This article has been saved to your Favorites!

DC Riot Raises Employer Issue Of Off-Duty Acts In Pandemic

By Paul Huston · 2021-01-19 18:10:18 -0500

Paul Huston
The Capitol riot presented many American employers with a relatively uncommon issue: May an employer discipline an employee for off-duty conduct and if so, to what extent?

What if the conduct is political?
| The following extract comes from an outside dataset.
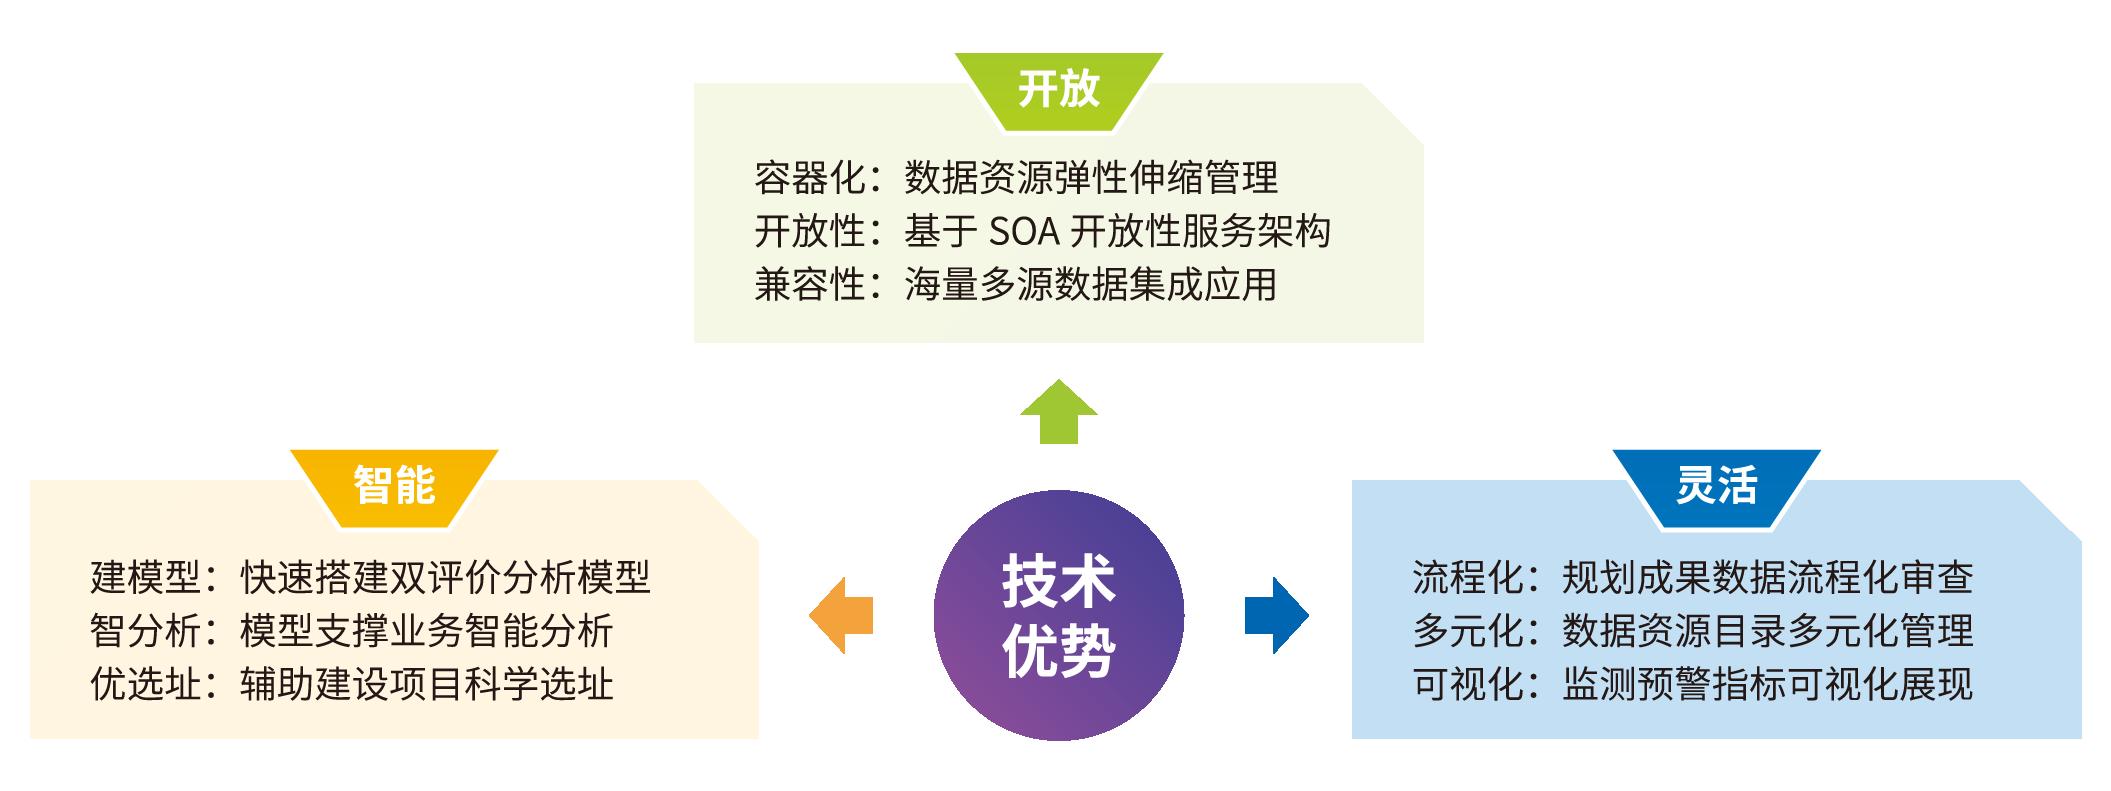 武大吉奧國土空間規劃監測評估預警管理系統解決方案-網站版圖-2

Will the employer in that case face liability for violating an employee's free-speech rights?

Alternatively, what if the off-duty conduct presents a risk not because of political affiliation, but because it is a mass gathering that presents a risk of COVID-19 exposure to the entire workplace?

Does the employer have an obligation to discipline an employee for participating in a superspreader event?

Employers are more concerned than ever about the off-duty activity of their employees, and rightly so.

In the COVID-19 era, what used to be within the realm of "not my business," is now very much the employer's concern.

An employee's attendance at a large political gathering is one thing — but if that attendance could infect an entire workforce, then the employer's obligation to maintain a safe workplace is implicated.

Employment Protections for Political Activity

Perhaps the most common reaction to news that an employee has been terminated for engaging in political activity is that such a move violates the protections offered in the First Amendment.

While some state-provided employment protections may apply to certain political activity, the First Amendment offers no protection from adverse employment action in the private sector.

The First Amendment covers only government action, not actions by private employers. Unless a federal law or policy is in play, therefore, First Amendment protection is not at issue.

But this does not mean that there are no protections for political speech or activity in the private sector. Many states expressly offer employment protections for political activity.

In California, for example, Section 1102 of the Labor Code[1] provides that no employer may "coerce or influence [or attempt to do so] his employees through or by means of threat of discharge or loss of employment to adopt or follow or refrain from adopting or following any particular course or line of political action or political activity."

This same Labor Code chapter prohibits employers from making any rule or policy that prevents an employee from "participating in politics," or has the effect of "controlling or directing ... the political activities or affiliations of employees."[2]

Other states have similar protections. Connecticut expressly prohibits employers from terminating employees based on the exercise of their First Amendment rights, unless such activity interferes with the employee's job performance or the working relationship between the employer and employee.[3]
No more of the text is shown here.